(Data extracted from a collection)
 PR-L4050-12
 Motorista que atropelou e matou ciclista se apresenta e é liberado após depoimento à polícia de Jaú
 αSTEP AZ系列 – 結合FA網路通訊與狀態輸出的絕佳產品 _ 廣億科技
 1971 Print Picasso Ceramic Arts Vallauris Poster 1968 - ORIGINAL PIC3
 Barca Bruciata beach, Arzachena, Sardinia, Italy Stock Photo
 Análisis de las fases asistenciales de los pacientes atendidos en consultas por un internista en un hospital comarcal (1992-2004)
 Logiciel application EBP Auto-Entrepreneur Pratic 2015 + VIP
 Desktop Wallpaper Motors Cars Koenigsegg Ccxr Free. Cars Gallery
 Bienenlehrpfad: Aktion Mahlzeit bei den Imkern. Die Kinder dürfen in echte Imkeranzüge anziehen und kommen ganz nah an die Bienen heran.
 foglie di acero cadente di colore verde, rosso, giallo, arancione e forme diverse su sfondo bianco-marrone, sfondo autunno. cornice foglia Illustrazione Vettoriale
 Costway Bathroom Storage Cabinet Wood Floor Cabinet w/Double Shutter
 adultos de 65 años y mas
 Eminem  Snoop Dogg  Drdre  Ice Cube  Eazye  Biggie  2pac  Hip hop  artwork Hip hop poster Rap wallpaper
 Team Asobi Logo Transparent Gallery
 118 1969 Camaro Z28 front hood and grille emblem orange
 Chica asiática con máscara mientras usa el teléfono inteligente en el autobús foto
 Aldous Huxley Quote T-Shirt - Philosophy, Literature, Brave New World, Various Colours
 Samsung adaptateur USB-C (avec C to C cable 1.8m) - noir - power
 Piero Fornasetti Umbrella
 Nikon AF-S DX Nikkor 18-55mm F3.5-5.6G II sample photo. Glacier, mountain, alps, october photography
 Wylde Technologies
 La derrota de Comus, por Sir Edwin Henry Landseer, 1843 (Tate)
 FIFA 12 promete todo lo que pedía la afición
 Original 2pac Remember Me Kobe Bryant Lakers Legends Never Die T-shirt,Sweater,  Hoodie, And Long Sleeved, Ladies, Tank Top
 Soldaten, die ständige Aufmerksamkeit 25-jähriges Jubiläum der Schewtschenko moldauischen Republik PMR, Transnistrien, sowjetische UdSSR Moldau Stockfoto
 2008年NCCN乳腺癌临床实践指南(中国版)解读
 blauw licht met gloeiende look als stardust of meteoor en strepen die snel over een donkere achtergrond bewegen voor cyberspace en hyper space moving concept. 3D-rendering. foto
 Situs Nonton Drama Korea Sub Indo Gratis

WHAT NEEDS TO BE DONE: Please give the number of lines in the data above where the word "Gallery" appears, and nothing besides.

ANSWER BOX: 2